The United States Court of Appeals for the Third Circuit has adopted a two-step approach for certification of a collective action pursuant to 29 U.S.C. § 216(b). Zavala v. Wal Mart Stores Inc., 691 F.3d 527, 535-36 (3d Cir. 2012). "During the initial phase, which is conducted early in the litigation process when the court has minimal evidence, `the court makes a preliminary determination whether the employees enumerated in the complaint can be provisionally categorized as similarly situated to the named plaintiff.'" Harrison, 305 F.R.D. at 88 (quoting Symczyk, 656 F.3d at 192). "`[I]f the plaintiff carries [his] burden at this threshold stage, the court will "conditionally certify" the collective action for the purposes of notice and pretrial discovery.'" Id. (quoting Symczyk, 656 F.3d at 192). However, "`conditional certification' is not really a certification. It is actually `the district court's exercise of [its] discretionary power . . . to facilitate the sending of notice to potential class members, and is neither necessary nor sufficient for the existence of a representative action under [the] FLSA." Zavala, 691 F.3d at 536 (first and third alterations in original) (quoting Symczyk, 656 F.3d at 194). "`After discovery, and with the benefit of a much thicker record than it had at the notice stage, a court following this approach then makes a conclusive determination as to whether each plaintiff who has opted in to the collective action is in fact similarly situated to the named plaintiff.'" Harrison, 305 F.R.D. at 88 (quoting Symczyk, 656 F.3d at 193). "If the plaintiff carries his heavier burden during the second phase `the case may proceed to trial as a collective action.'" Id. (quoting Symczyk, 656 F.3d at 193).

As other district courts in this Circuit have explained, in the first step, the "Plaintiff must make `a modest factual showing that the similarly situated requirement is satisfied.'" Titchenell v. Apria Healthcare Inc., Civ. A. No. 11-563, 2012 WL 3731341, at *3 (E.D. Pa. Aug. 29, 2012) (quoting Bosley v. Chubb Corp., Civ. A. No. 04-4598, 2005 WL 1334565, at *3 (E.D. Pa. June 3, 2005)). "Without evaluating the merits of plaintiff's case, the Court must determine `whether plaintiff's proposed class consists of similarly situated employees who were collectively the victims of a single decision, policy, or plan.'" Id. (quoting Lugo v.

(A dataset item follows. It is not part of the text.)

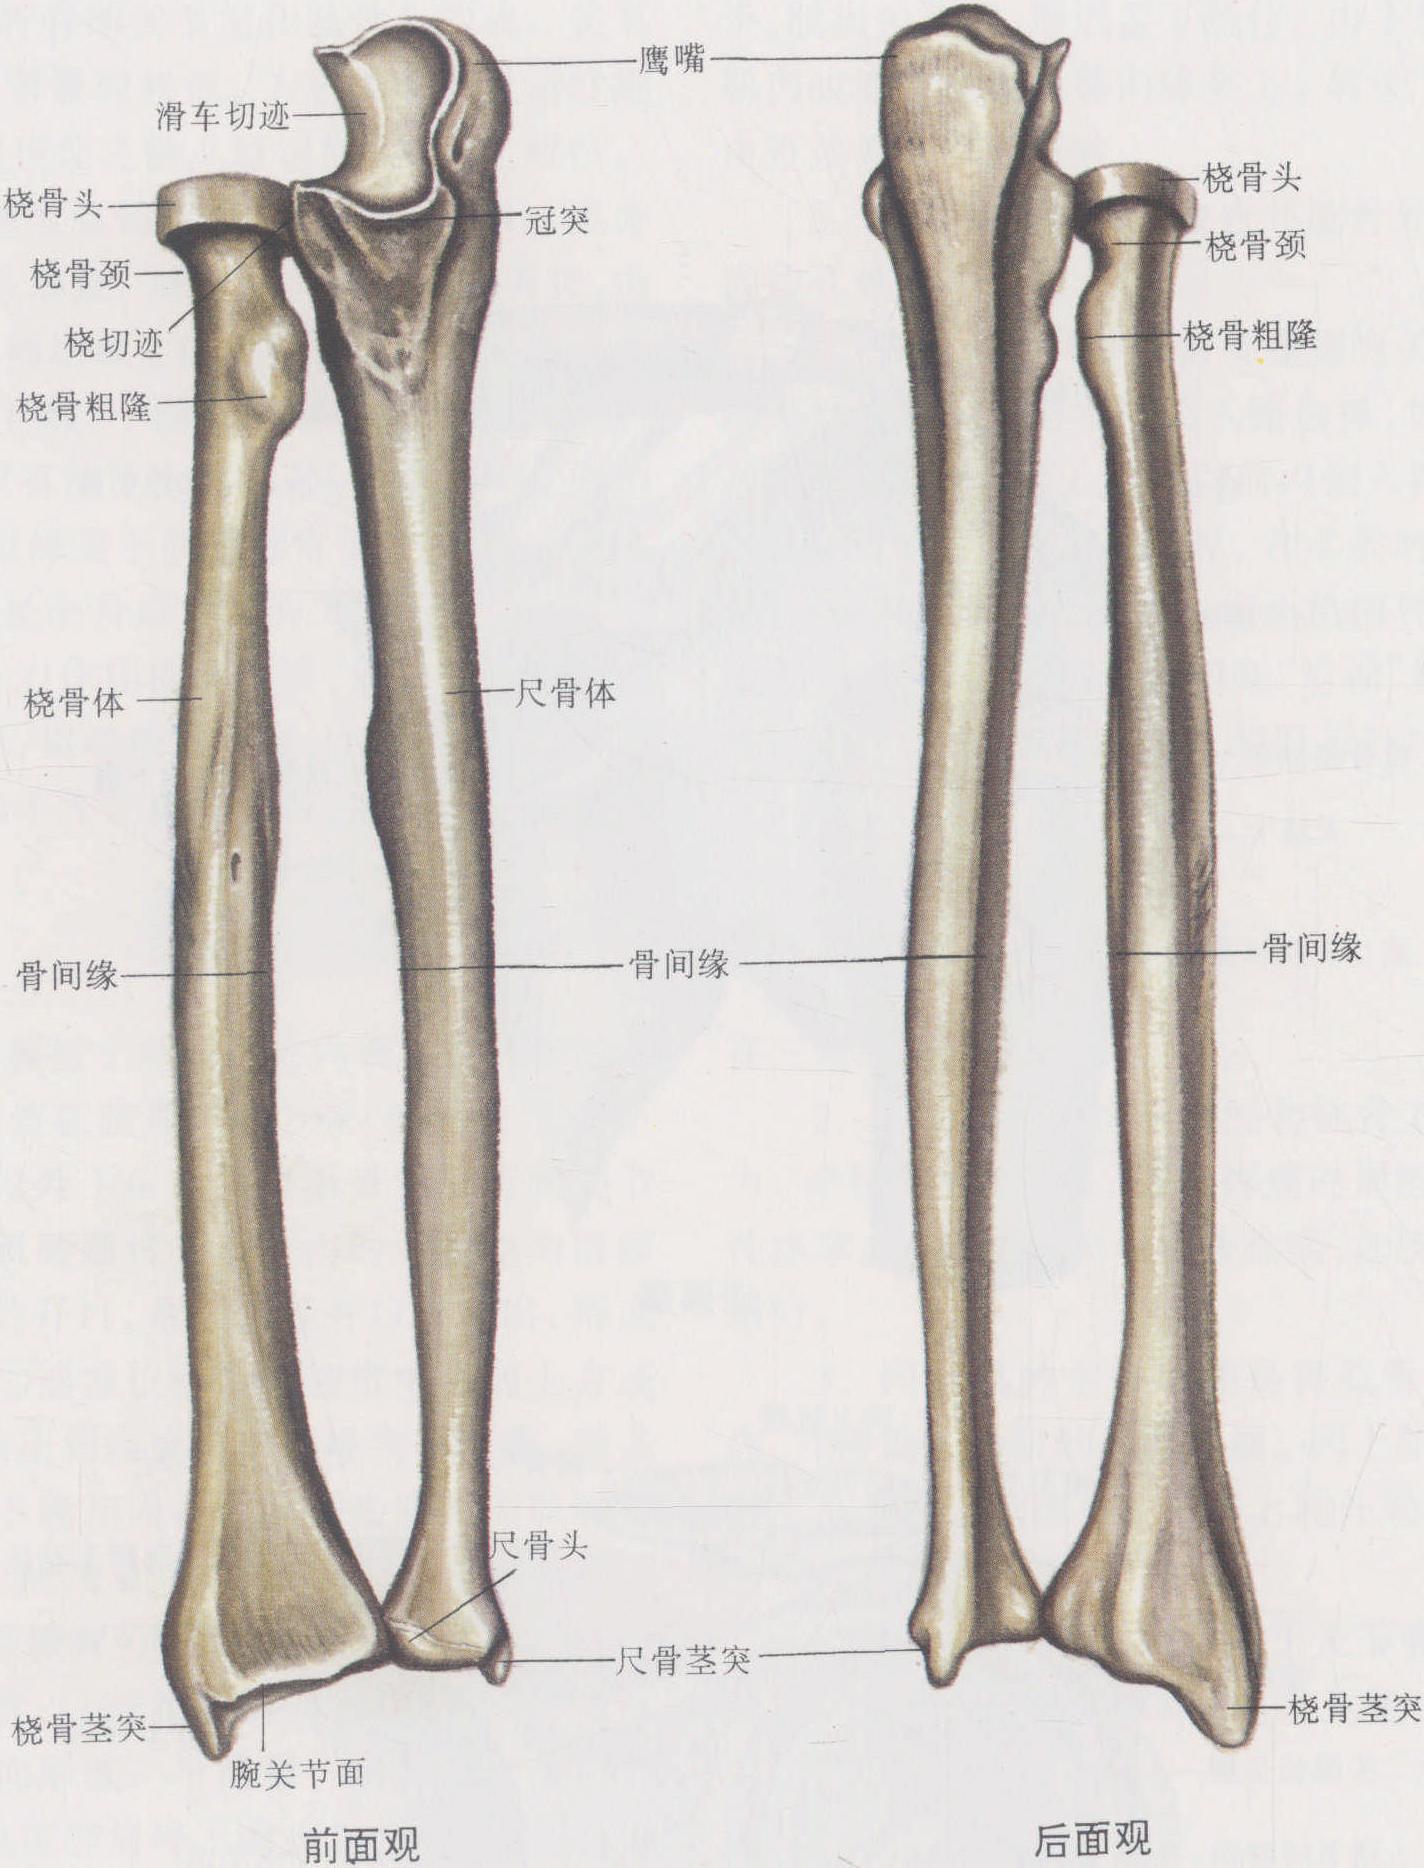 图7-37 尺骨和桡骨

Farmer's Pride Inc., Civ. A. No. 07-749, 2008 WL 638237, at *3 (E.D. Pa. Mar. 7, 2008)). Thus, "[u]nder this standard, `a plaintiff must produce some evidence, beyond pure speculation, of a factual nexus between the manner in which the employer's alleged policy affected her and the manner in which it affected other employees.'" Sawyer v. Health Care Solutions at Home, Inc., Civ. A. No. 16-5674, 2018 WL 1959632, at *3 (E.D. Pa. Apr. 25, 2018) (quoting Symczyk, 656 F.3d at 193); see also Drummond v. Herr Foods, Inc., Civ. A. No. 13-5991, 2015 WL 894329, at *2 (E.D. Pa. Mar. 2, 2015) (same). "However, this remains a lenient burden." Harrison, 305 F.R.D. at 88 (citing Smith v. Sovereign Bancorp Inc., Civ. A. No. 03-2420, 2003 WL 22701017, at *3 (E.D. Pa. Nov. 13, 2003); and Resch v. Krapf's Coaches, Inc., Civ. A. No. 11-6893, 2012 WL 2500623, at *3 (E.D. Pa. June 29, 2012)). "Further, the merits of plaintiff's claims need not be evaluated in order for notice to be approved and disseminated." Id. (citing Resch, 2012 WL 2500623, at *3; and Chabrier v. Wilmington Fin., Inc., Civ. A. No. 06-4176, 2006 WL 3742774 (E.D. Pa. Dec. 13, 2006)).

B. Discussion

Plaintiffs argue that they have satisfied the lenient conditional certification requirement that they make a modest factual showing that they are similarly situated to, and share common legal claims with, the potential opt-in plaintiffs. As detailed in the facts set forth above, Plaintiffs have submitted, inter alia, (1) declarations from the three named Plaintiffs, which state that they were negatively affected by Defendants' wage and hour policies and that they understood that other employees were similarly affected by those policies; (2) an inter-office memo from Ms. Santos to "All Field Staff" and other inter-office documents that together acknowledge that Defendants were not properly compensating staff for non-billable hours; and (3) memos from Ms. Santos enclosing checks to Plaintiffs Charles and Griffin, acknowledging Defendants' failure to provide them overtime pay for billable hours worked over forty, along with the Plaintiffs' declarations that "multiple such checks [were] issued to BHWs and/or TSSs who were similarly impacted by the wage and hour violations." (Pls.' Mem. Exs. C, D & F; Charles Decl. ¶ 20; Griffin Decl. ¶ 22; Simon Decl. ¶ 21.) Based on this evidence, in conjunction with the other evidence of record, we conclude that Plaintiffs have, in fact, met their burden of making a "`modest factual showing'" that the similarly situated requirement is satisfied, as they have submitted proof that the putative collective members were together "the victims of a single decision, policy, or plan," Titchinell, 2012 WL 3731341, at *3 (quotations omitted), and they have "`produce[d] some evidence, beyond pure speculation, of a factual nexus between the manner in which the employer's alleged policy affected [them] and the manner in which it affected other employees,'" Sawyer, 2018 WL 1959632, at *3 (quotation omitted). See also Morrow v. Cty. of Montgomery, Civ. A. No. 13-1032, 2014 WL 348625, at *3 (E.D. Pa. Jan. 31, 2014) (noting that plaintiff's burden of making a modest factual showing is a "lenient standard").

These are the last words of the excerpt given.